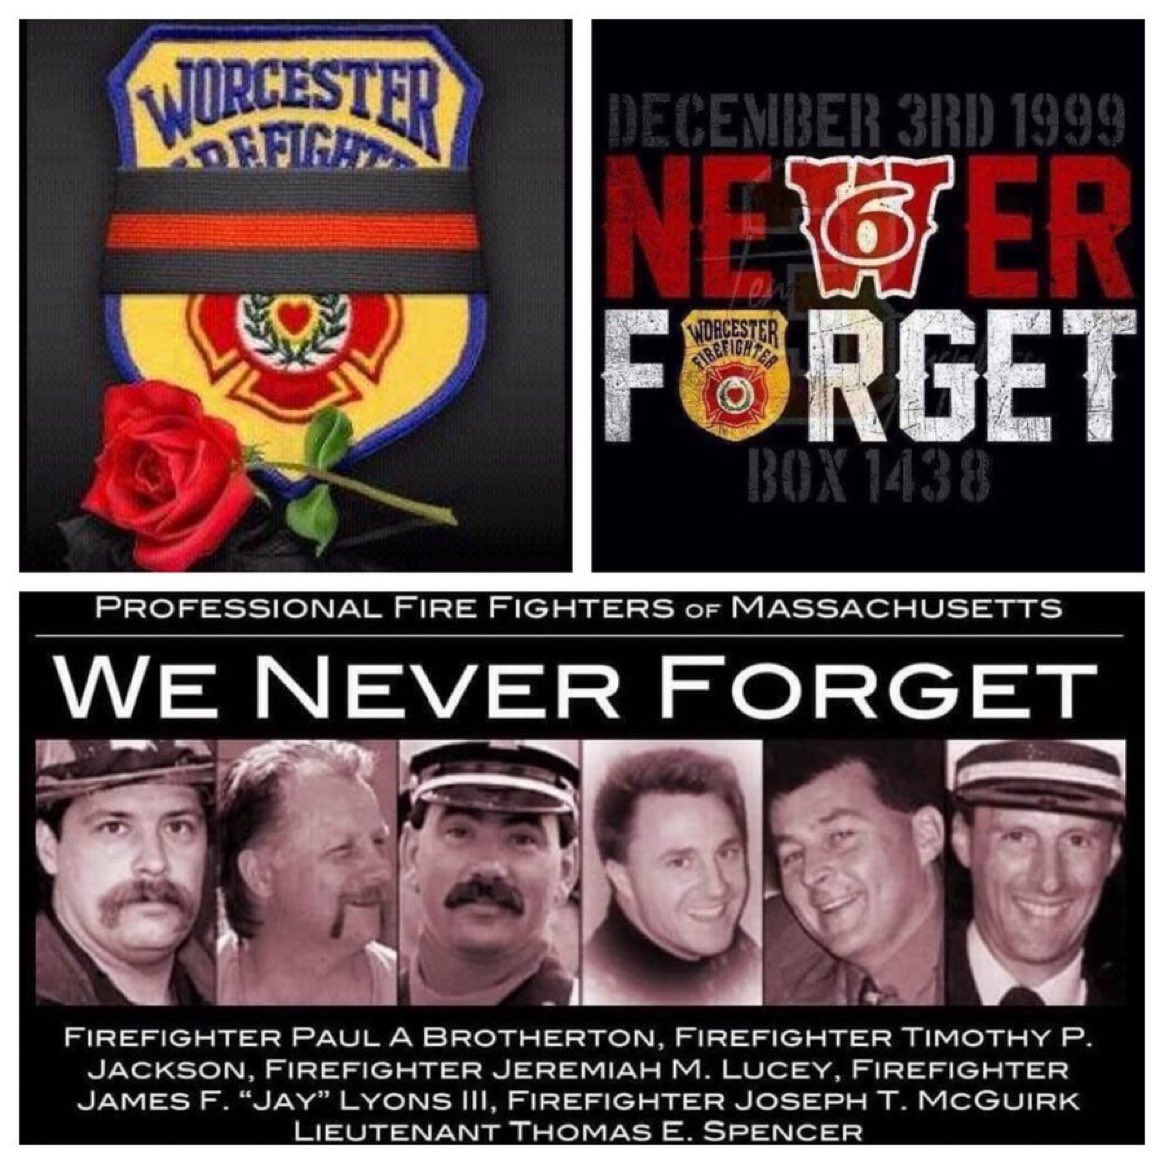 24 years ago today 6 brave
#Worcester #Firefighters made the
ultimate sacrifice at the Worcester Cold Storage warehouse fire. 
#W6 #RIP #NeverToBeForgotten
#NeverForget  #Worcester6 🙏
#Firefighters #WorcesterFire

TASK DETAILS: Look through the entries and give the number of lines containing the word "Firefighters". Add nothing else.

WRITTEN SOLUTION: 2